Oceny piłkarzy Legii!
01.05.2012 12:33
Gra drużyny 3(4.87 – średnia ocen zawodników Legii wg czytelników) - W niedzielnym spotkaniu mogliśmy zobaczyć dwie drużyny Legii. Przez pierwszą godzinę widzieliśmy zespół nie podejmujący ryzyka, oczekujący na błędy rywala ale nie potrafiący ich wykorzystać. Nasi zawodnicy nie forsowali tempa, wymieniali dziesiątki podań, które nie przynosiły żadnego pożytku. Nie przekonuje nas twierdzenie, że Legia zmieniając ciężar gry, utrzymując się przy piłce miały zmęczyć graczy Jagiellonii. Nasz zespół nie miał pomysłu na grę ofensywną – nie pierwszy zresztą raz. Najgroźniejszą sytuację i w zasadzie jedyną w pierwszej odsłonie legioniści stworzyli sobie po rzucie rożnym w doliczonym czasie gry. Po zmianie stron obraz gry początkowo nie uległ zmianie aż do momentu straty gola. Kiedy widmo strachu zajrzało legionistom w oczy zaczęli ryzykować, atakować większą ilością graczy i grać z zębem. To mogło się podobać, ale starczyło tylko na wyrównanie, zabrakło skuteczności i zimnej krwi pod bramką rywala.
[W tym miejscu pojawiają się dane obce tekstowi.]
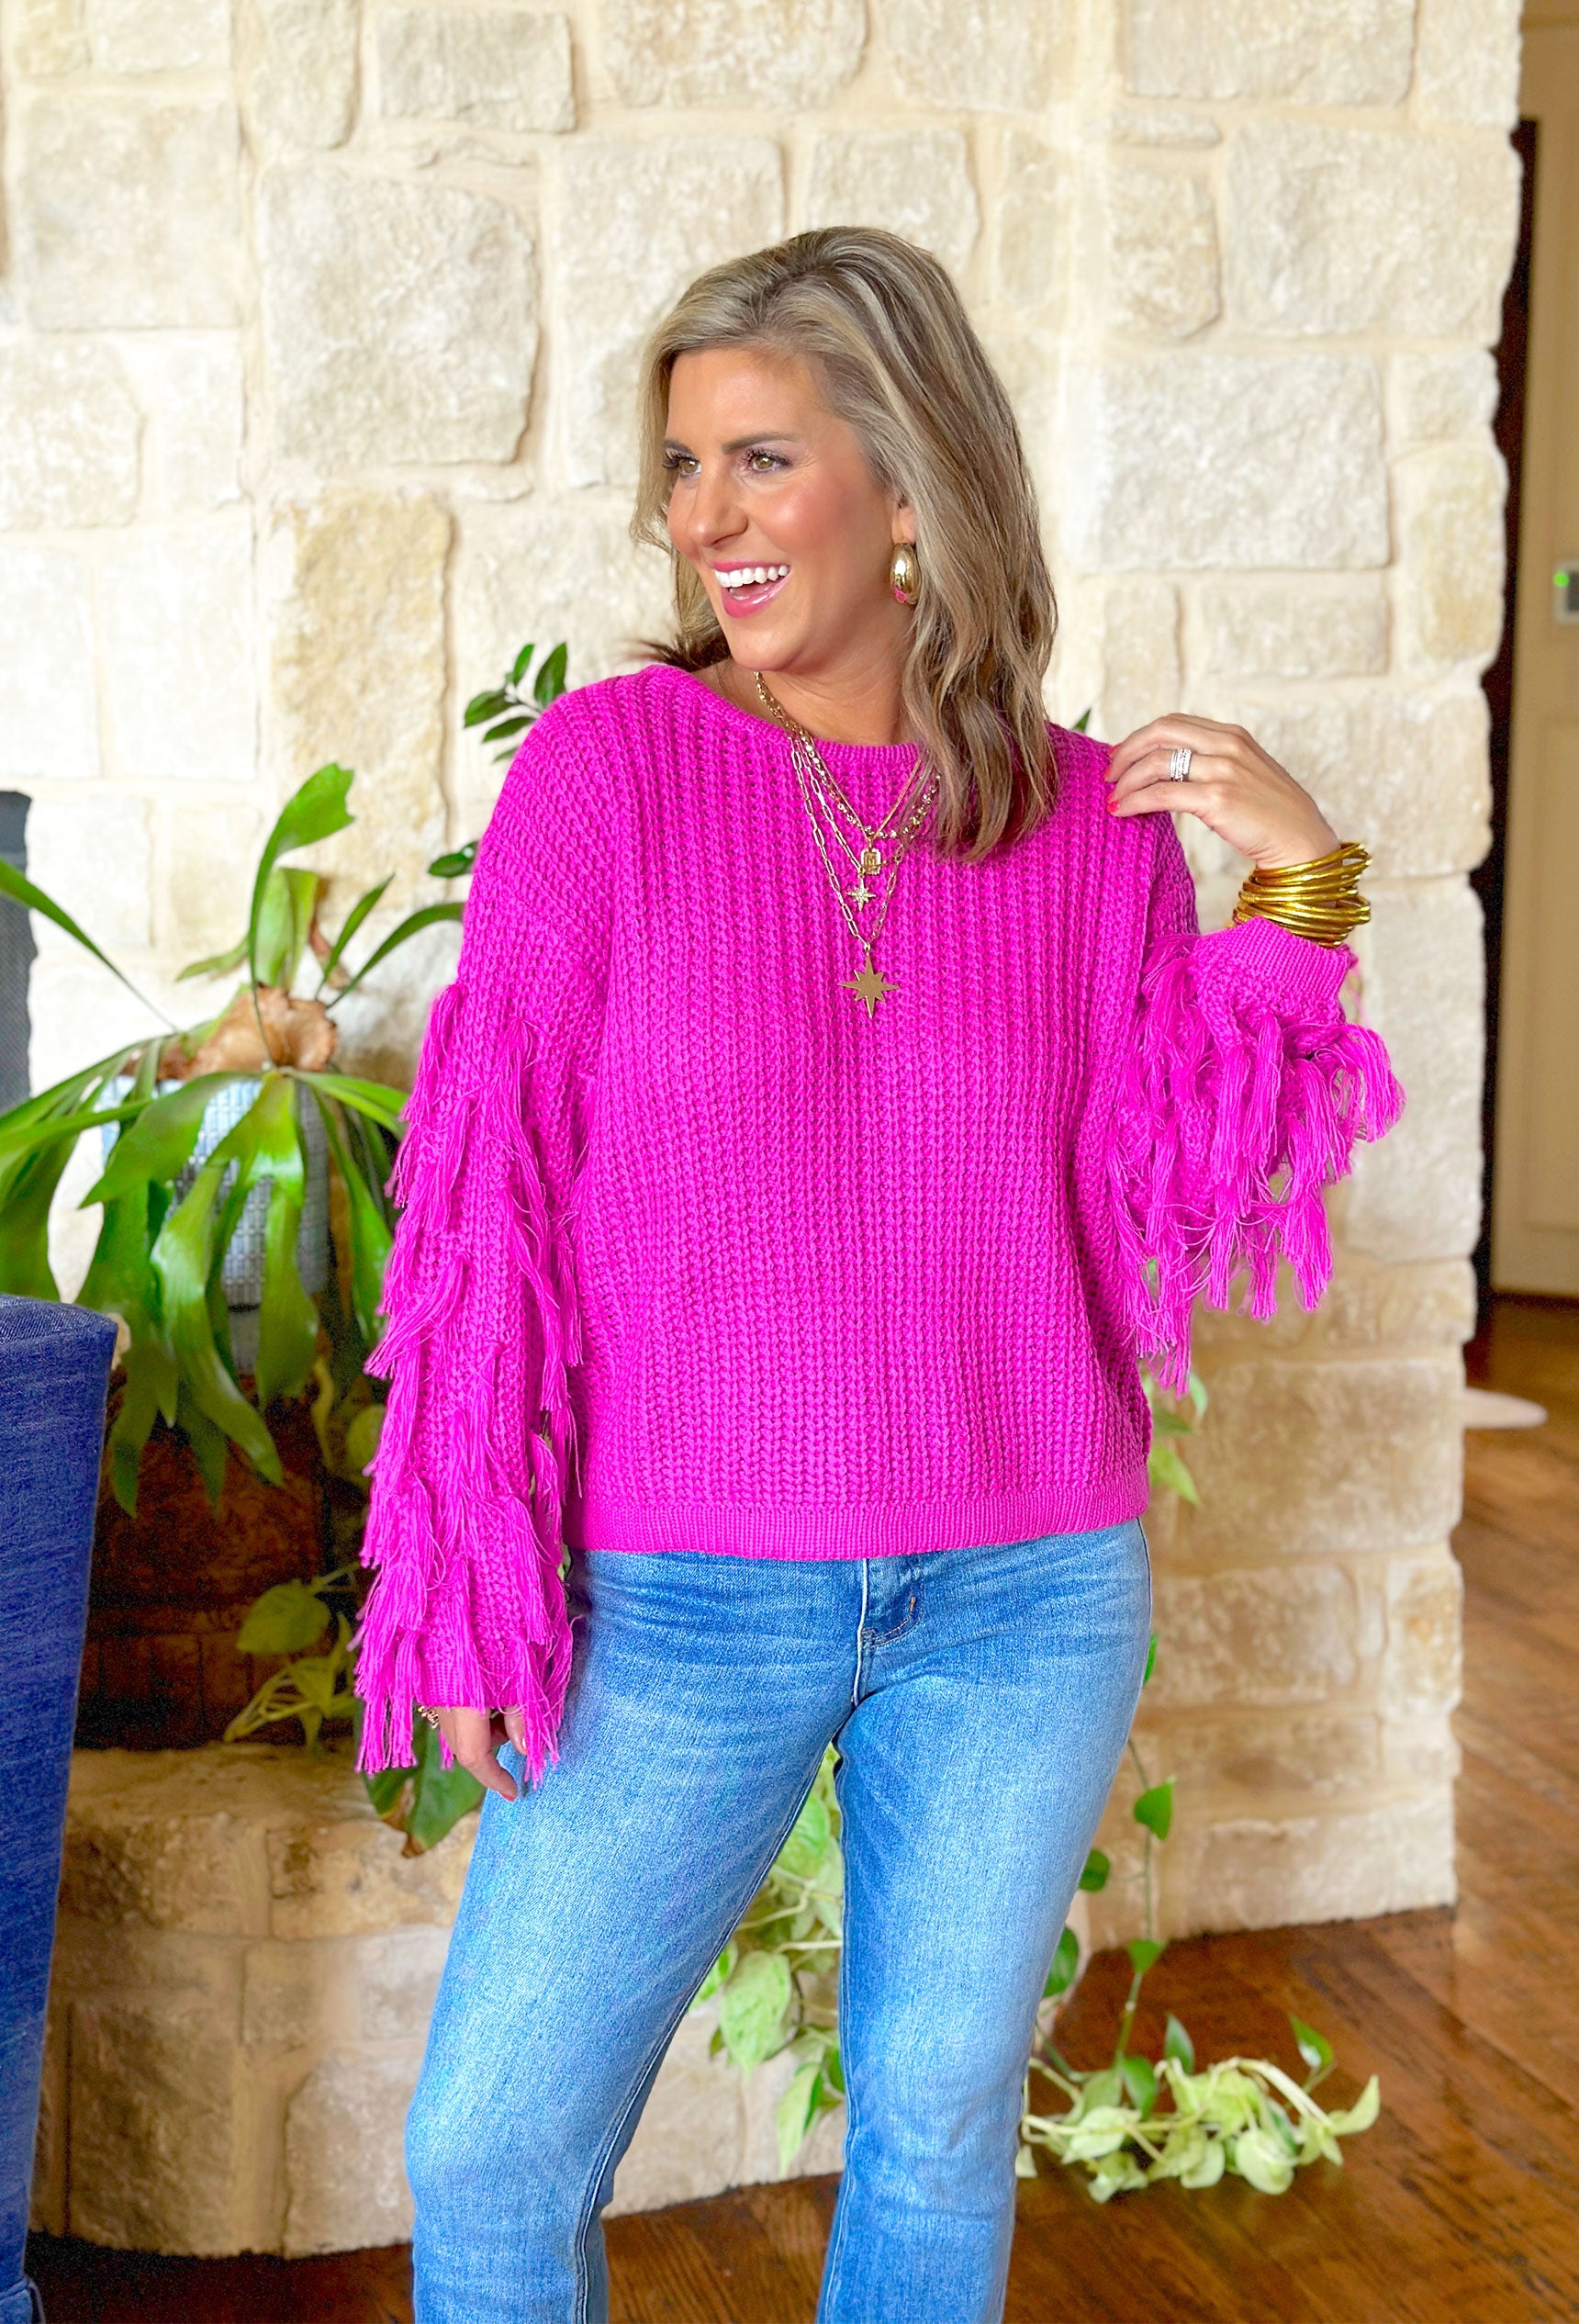 Eiffel Tower Flurries Sweater, bright magenta sweater with frayed tassels on the sleeves

Pół godziny gry to za mało aby wygrać, za mało aby jako zespół został pozytywnie oceniony.
Dusan Kuciak 7 (7.49 – ocena czytelników) - Nie miał wiele pracy, grał solidnie wyłapując pojedyncze dośrodkowania. Przy golu nieco spóźnił się w wyjściem z bramki, dał się uprzedzić Frankowskiemu choć ten jest o głowę niższy od Słowaka. Jednak później zrehabilitował się broniąc fenomenalnie strzał Dawida Plizgi. Z pewnością była to jeśli nie interwencja sezonu to przynajmniej obrona tego roku. Przypomniała nam się interwencja sezonu z Premiership gdy barw WBA bronił Tomasz Kuszczak.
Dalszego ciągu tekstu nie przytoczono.